Aún así, no podía dejar de pensar en Nadia. Y en La Cruz. Y en lo que le habían hecho a Carlos. Y en cómo se habían complicado las cosas a partir de ahora. Joan estaba bajo custodia policial. Era seguro que algo pretenderían sonsacarle. Algo sobre lo que La Cruz planeaba. Y seguían siendo necesario conseguir el ordenador de Nadia, aquel que Marcos Molina había clonado aunque la vida se le había ido en ello.
Demasiadas cosas.
Me llevaron y me dejaron en casa. No me lo podía creer. Mi apartamento. Hacía solamente unas pocas horas que había salido de él, y sin embargo se me antojaban días enteros. Casi sin fuerzas, me dejé caer sobre la cama y no recuerdo haber tenido pesadilla alguna en toda la noche. Aunque el rostro de Nadia se me aparecía claramente, por momentos, y sin duda alguna soñé con ella. Pero era un rostro dulce, amable, el rostro de la mujer que yo había creido conocer y sin embargo, con el tiempo, había descubierto que no conocía de nada.
A la mañana siguiente conseguí correr algo más de una hora, pero muy relajadamente. Nada de velocidad ni cosas por el estilo.
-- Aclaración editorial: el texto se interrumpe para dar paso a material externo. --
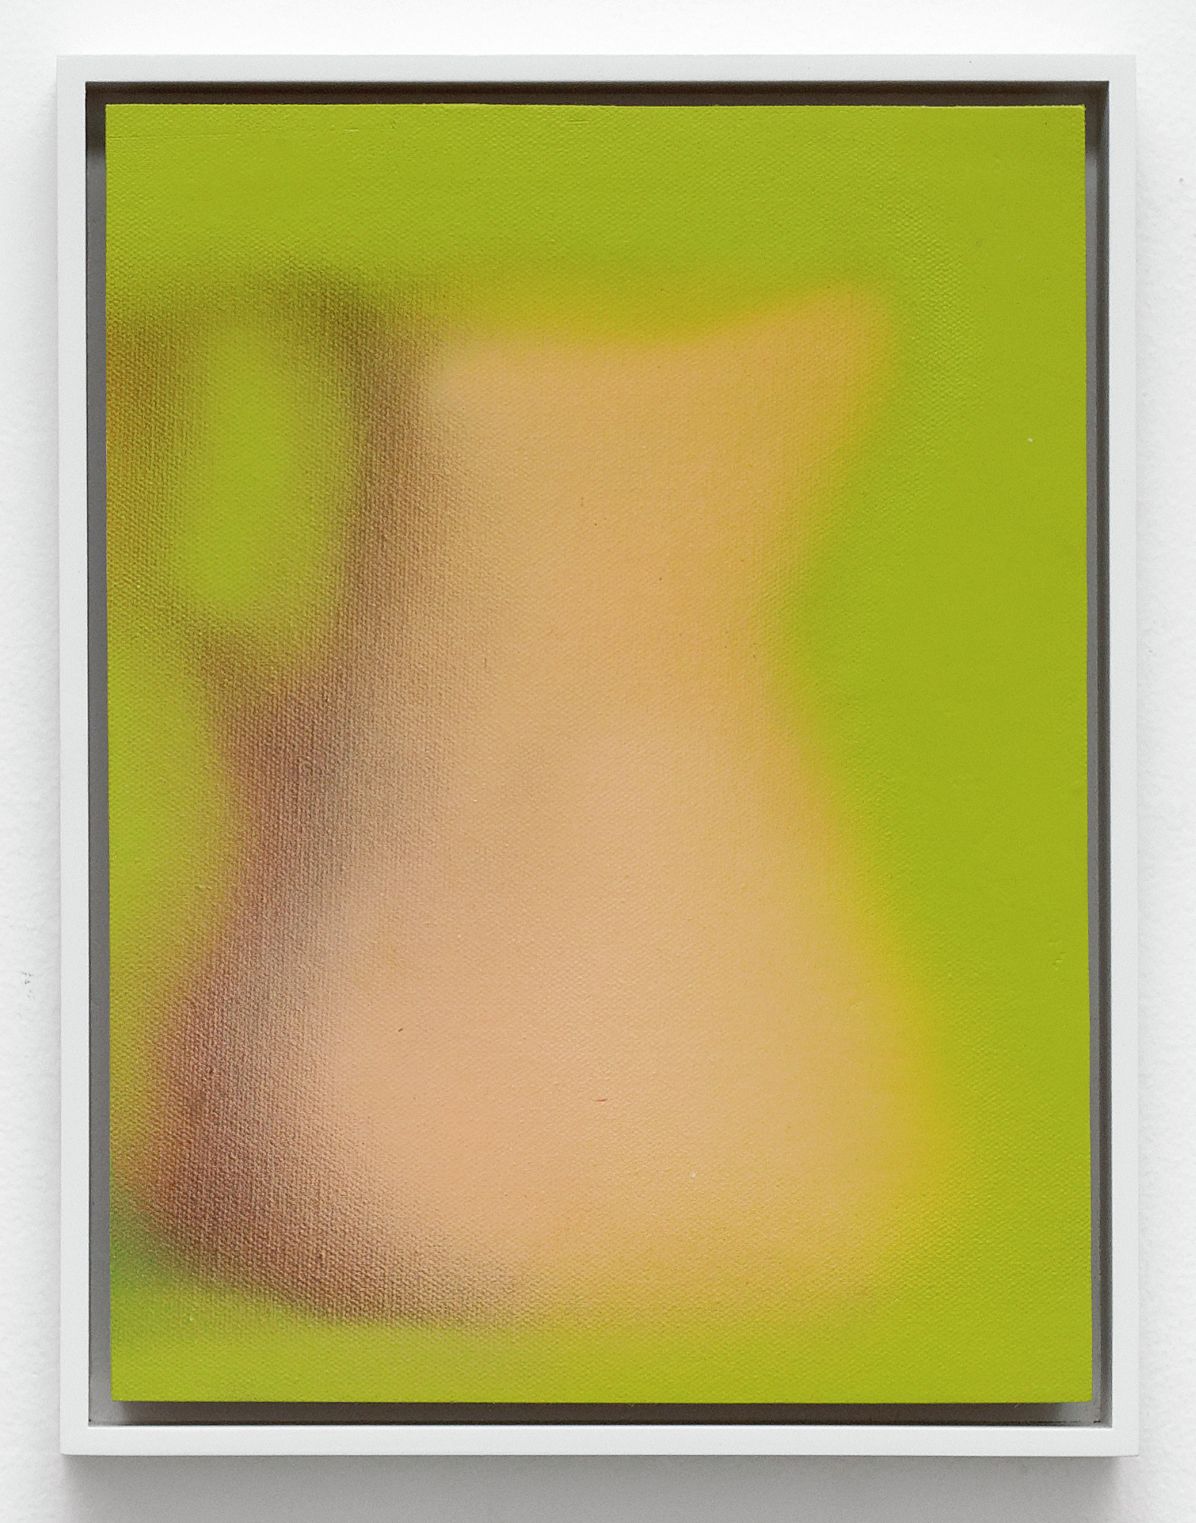 Kevin Ford, Pitcher, 2016 Acrylique sur lin marouflé sur panneau30 × 23 cm / 12 × 9 in. | 32.5 × 25 × 4 cm / 12 6/8 × 9 7/8 × 1 5/8 in. (encadré/framed)

Y, después de la ducha, mientras me vestía en la habitación, reparé que apenas faltaban dos meses para la fecha señalada, el maratón de la ciudad. Me estaba preguntando si conseguiría mi objetivo, que no era otro que una buena preparación para hacer una carrera de la que sentirme contento y orgulloso, cuando sonó el teléfono.
Al otro lado, reconocí la voz de Nadia.
"Todos volveremos a estar juntos muy pronto", susurró.
No era un deseo. Era, por su tono y decisión, una realidad.